Two glass sherds and three bottle bases were recovered from the southeastern end of site 35F. One example featured here a is 5 x 5cm and 0.3cm thick aqua blue-green glass sherd which appears to be the remains of a base from an apothecary or medicinal ‘case’ bottle. Such utilitarian bottles were typically used for a host of liquid products including liquor, medicines, chemicals and oils.

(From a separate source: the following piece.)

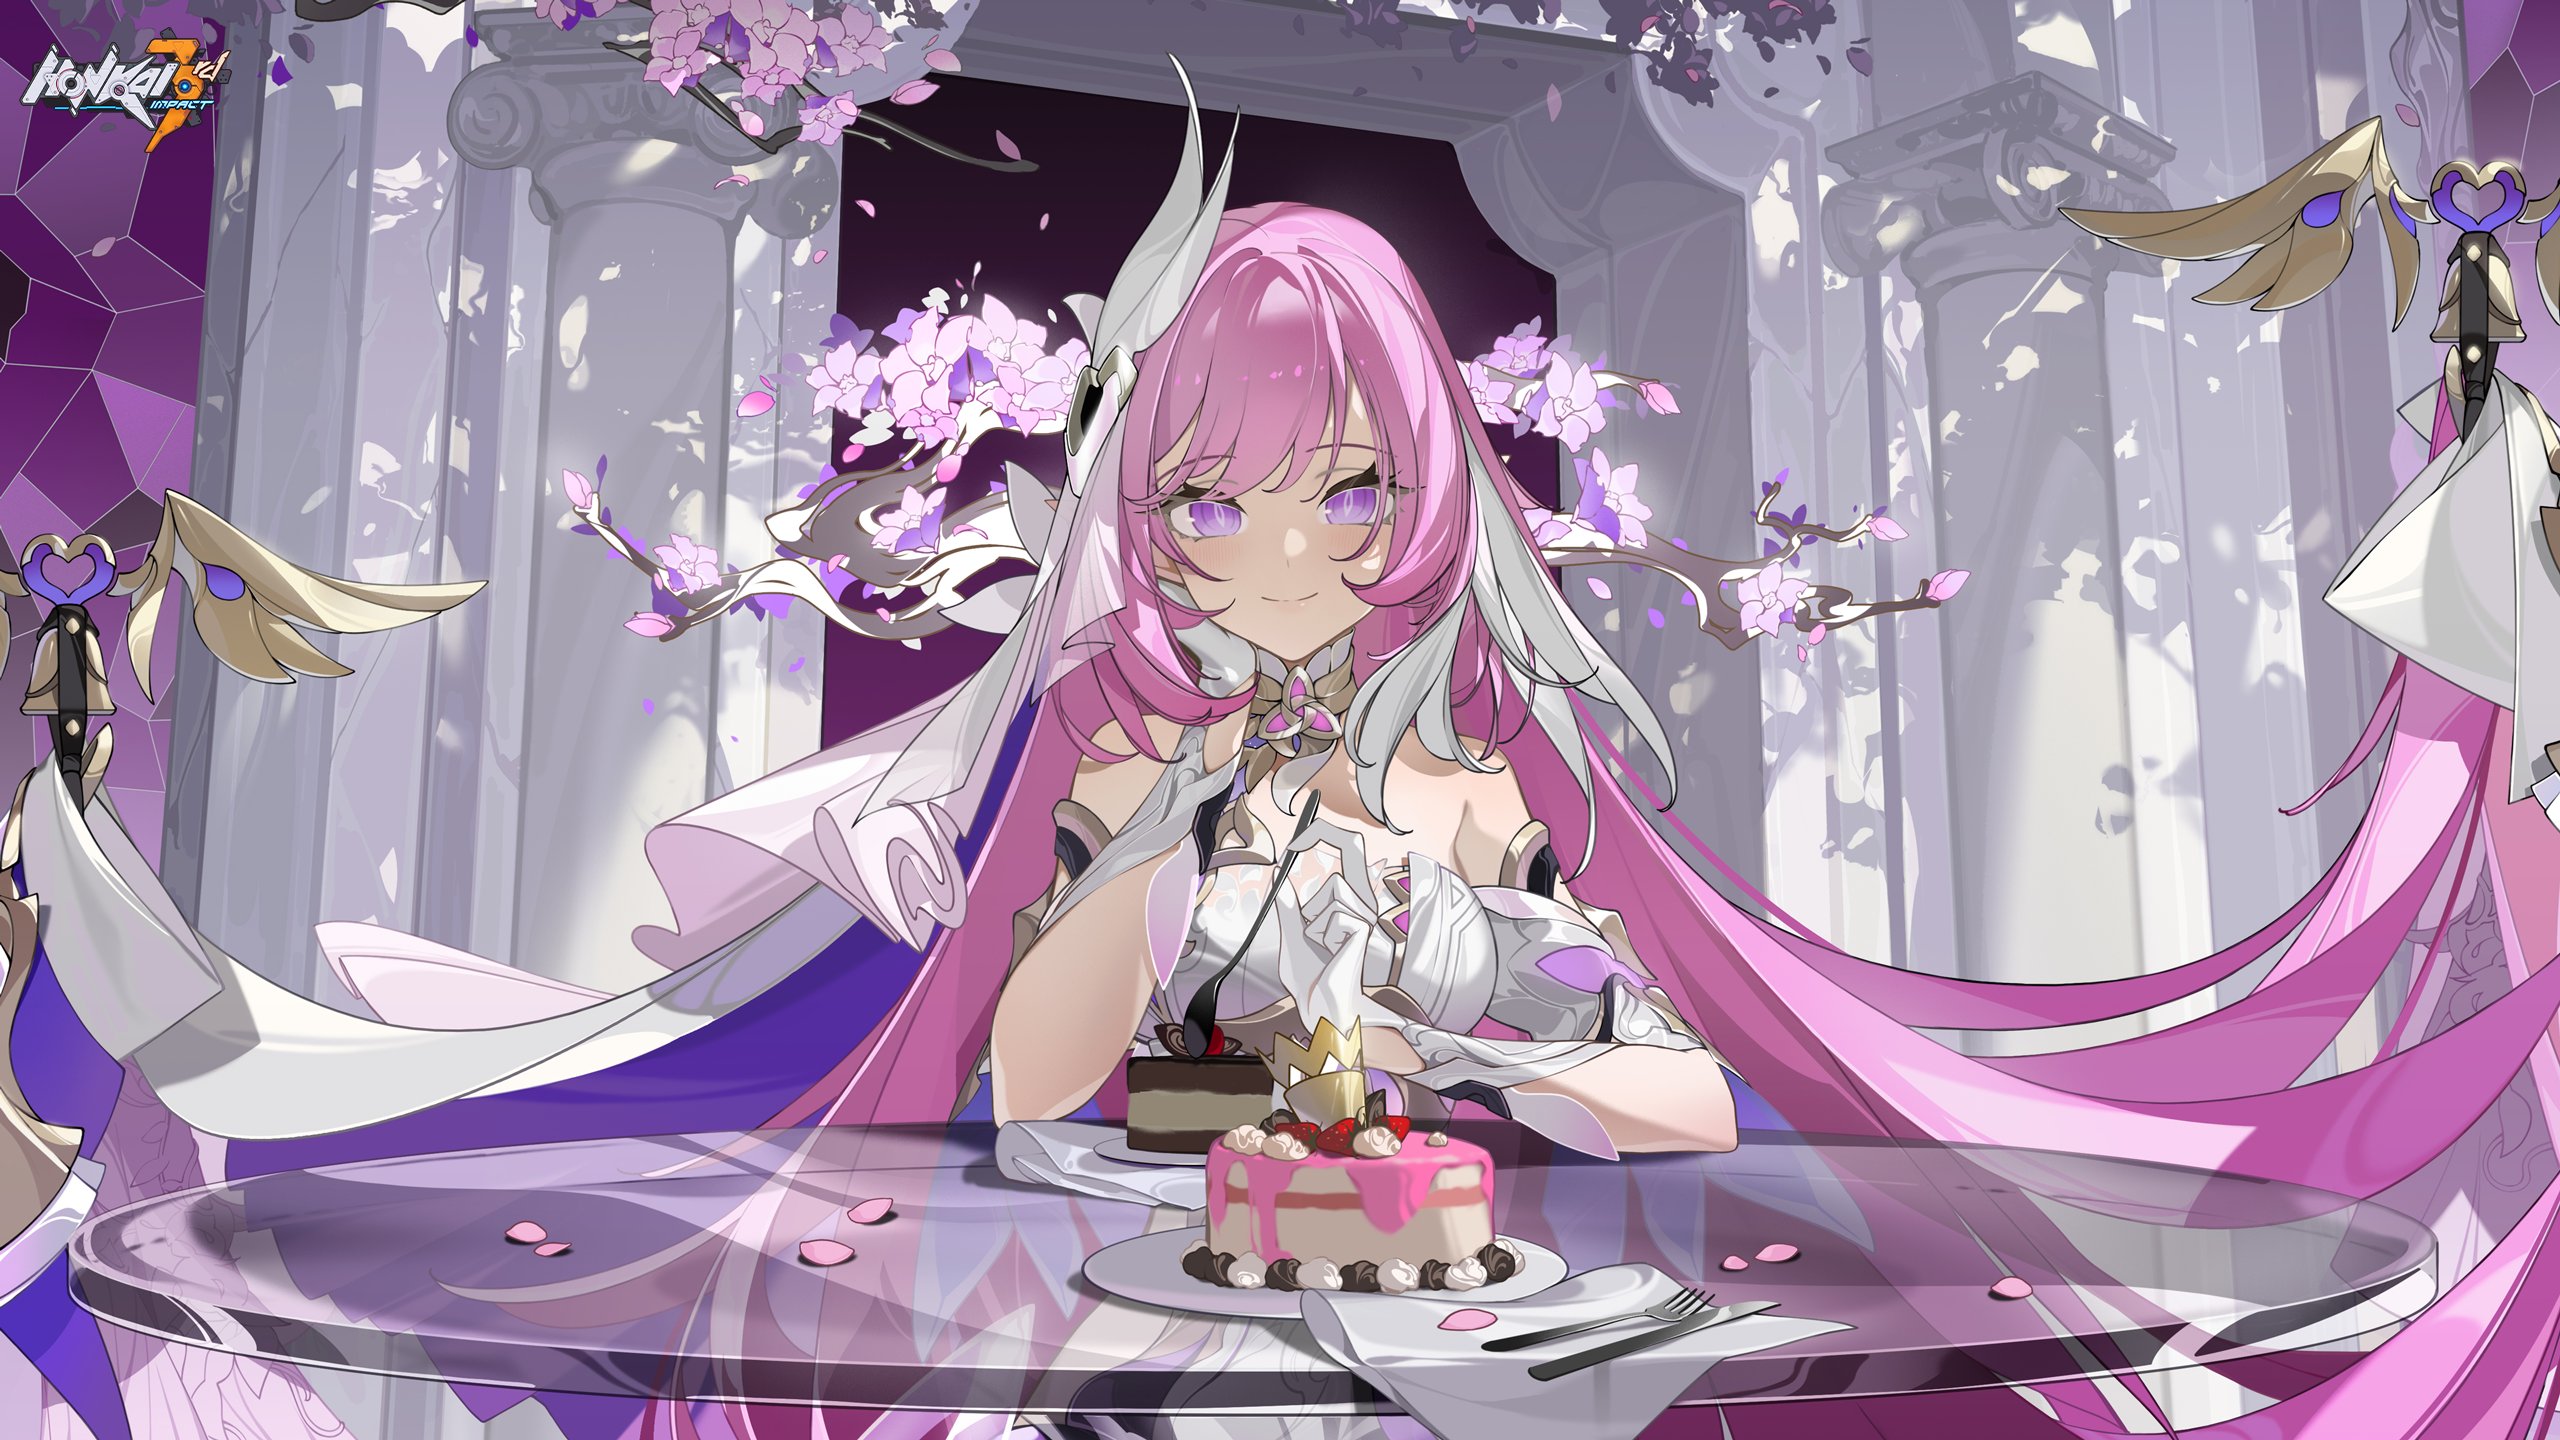 Honkai Impact 3rd - [Wallpaper] Elysia's Sweet Afternoon Tea Wallpaper Download Thanks for your invitation! This is a beautiful place and it perfectly matches my outfit. We hope you love Elysia's
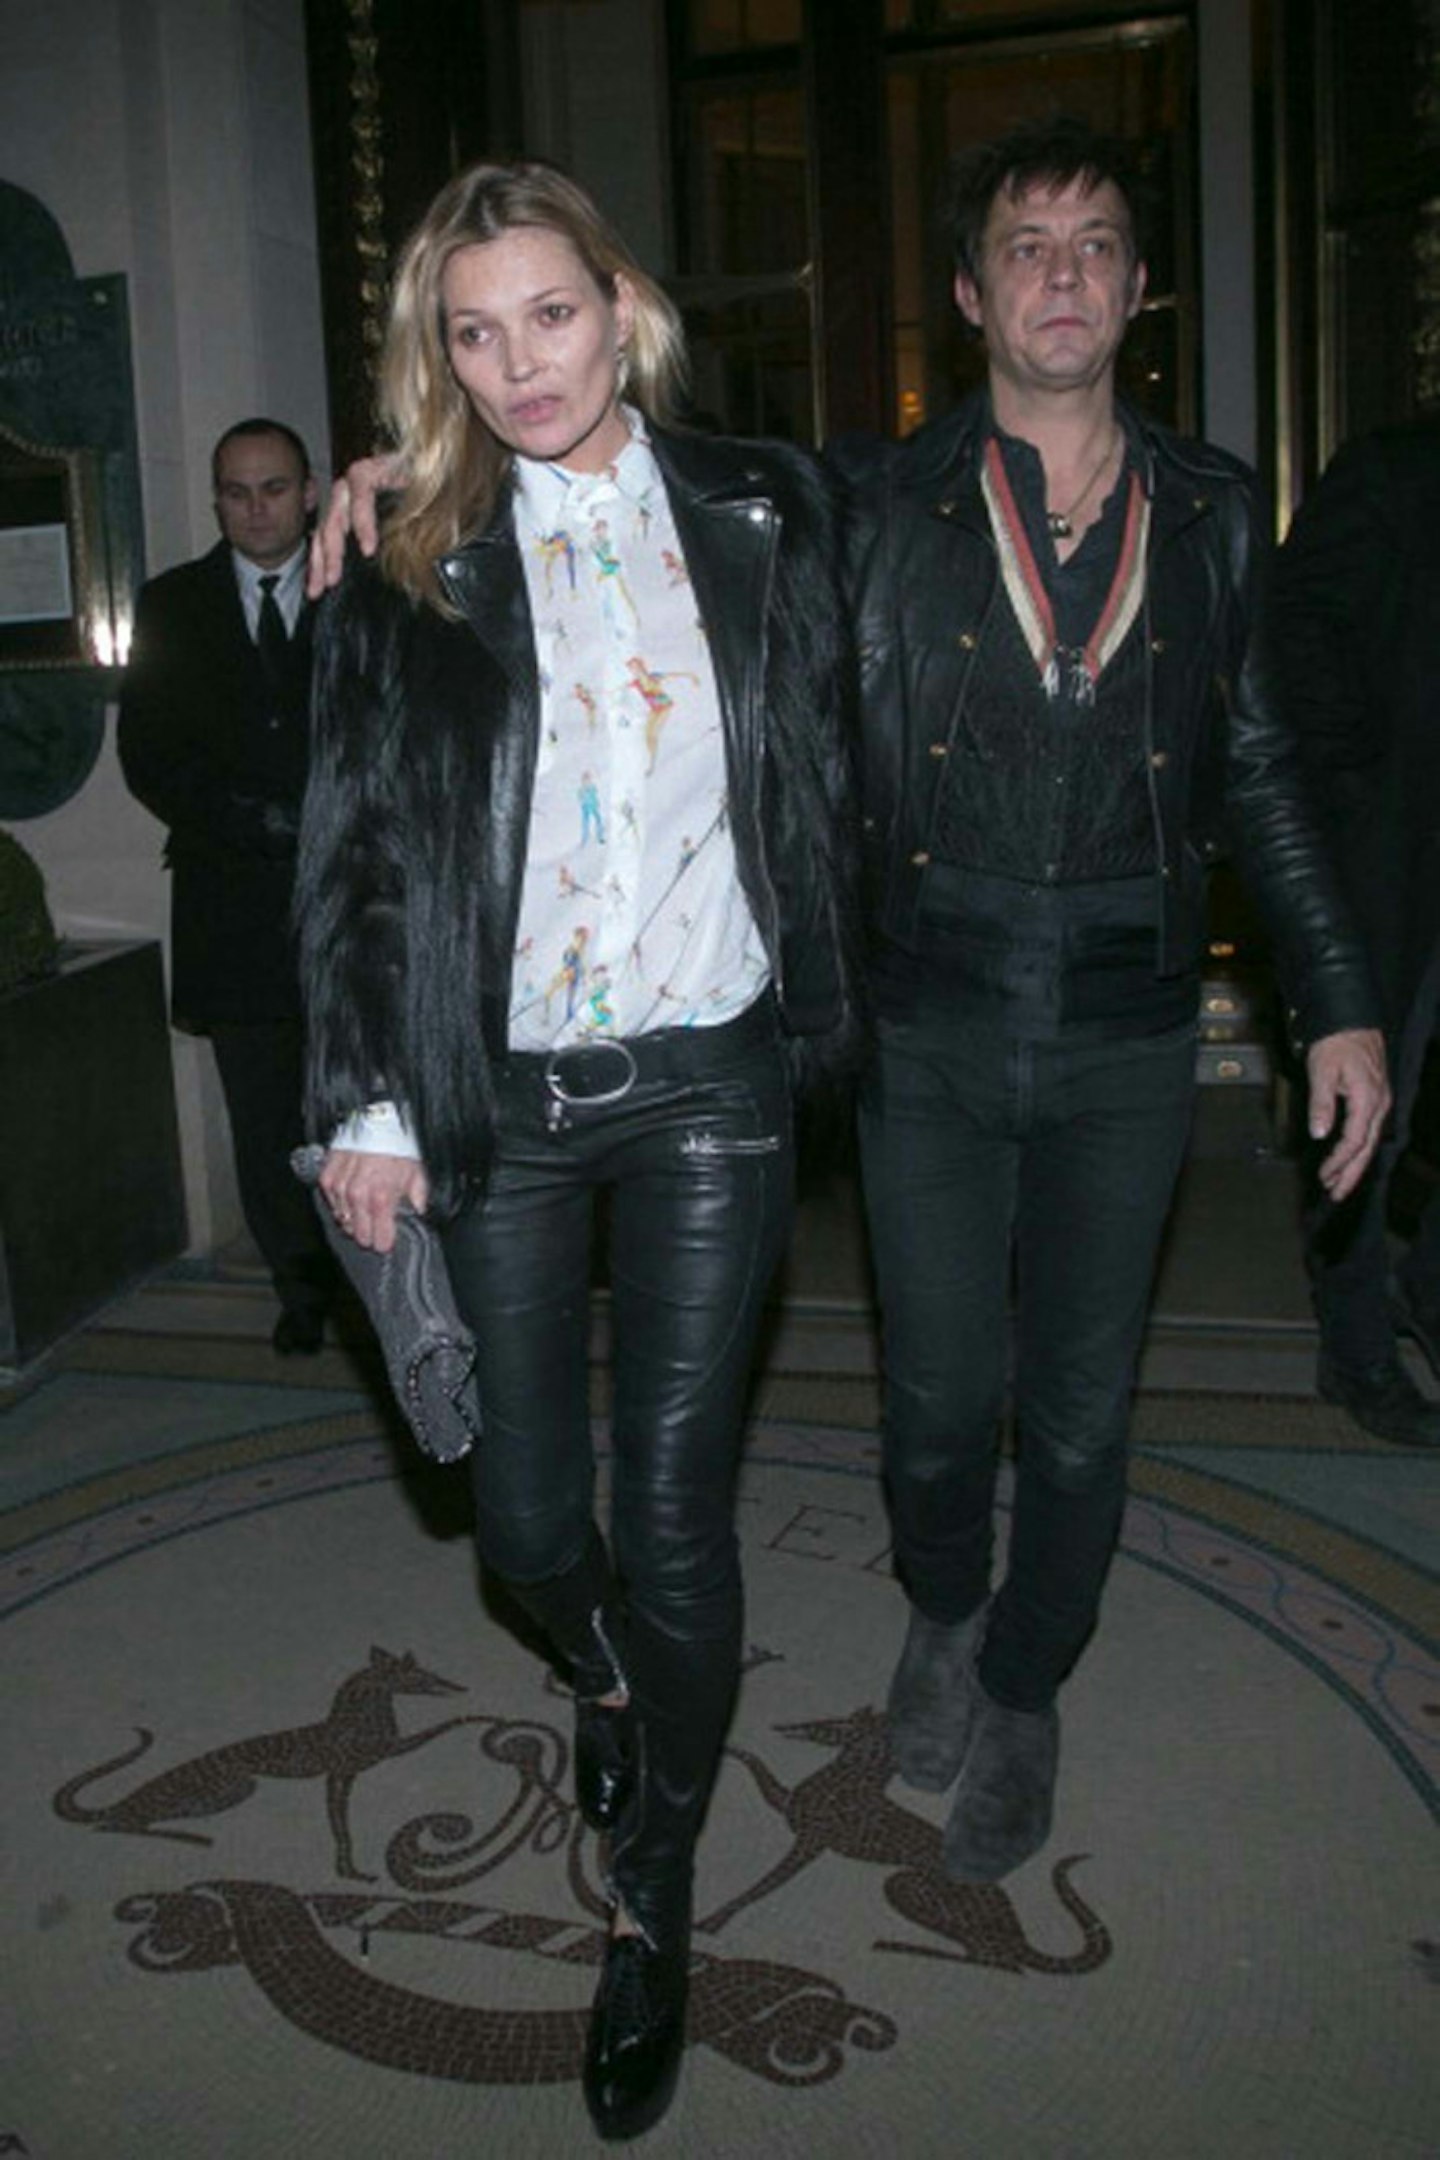 Kate Moss and Jamie Hince leave the Meurice hotel, 1 March 2014

This bottle type is generally known as a class of ‘case’ bottles in reference to the fact that they were typically shipped in cases of twelve. Although often incorrectly referred to as ‘Dutch gin’ bottles, they frequently did contain distilled liquor, yet it need not have been gin nor its origins Holland. While much of the site 35F bottle is no longer intact, the remaining base sherd is similar to the one square-based blue-green flacon bottle base fragment recovered from the wreck of Blackbeard’s Queen Anne’s Revenge, lost in North Carolina’s Beaufort’s inlet in 1718. Believed to be of French origin, flacons have been found in large numbers in archaeological collections from Louisbourg, Nova Scotia and also reported in French frontier sites such as the Trudeau site in Louisiana. Evidence from New World archaeological sites where flacon bottle glass has been found place their use throughout the 18th century, beginning as early as 1710.
The site 35F blue-green bottle base sherd exhibits a faint, blowpipe type pontil scar, a ring-shaped mark created by the residue of glass left by the blowpipe doubling as a pontil—and commonly seen on blown 'case' bottles. The site 35F example may be similar in form to examples excavated from the wrecks of the Dartmouth, lost off Mull, Scotland, in 1690, and the fifth-rate Royal Navy Frigate Sapphire which can be dated to 1696 or earlier.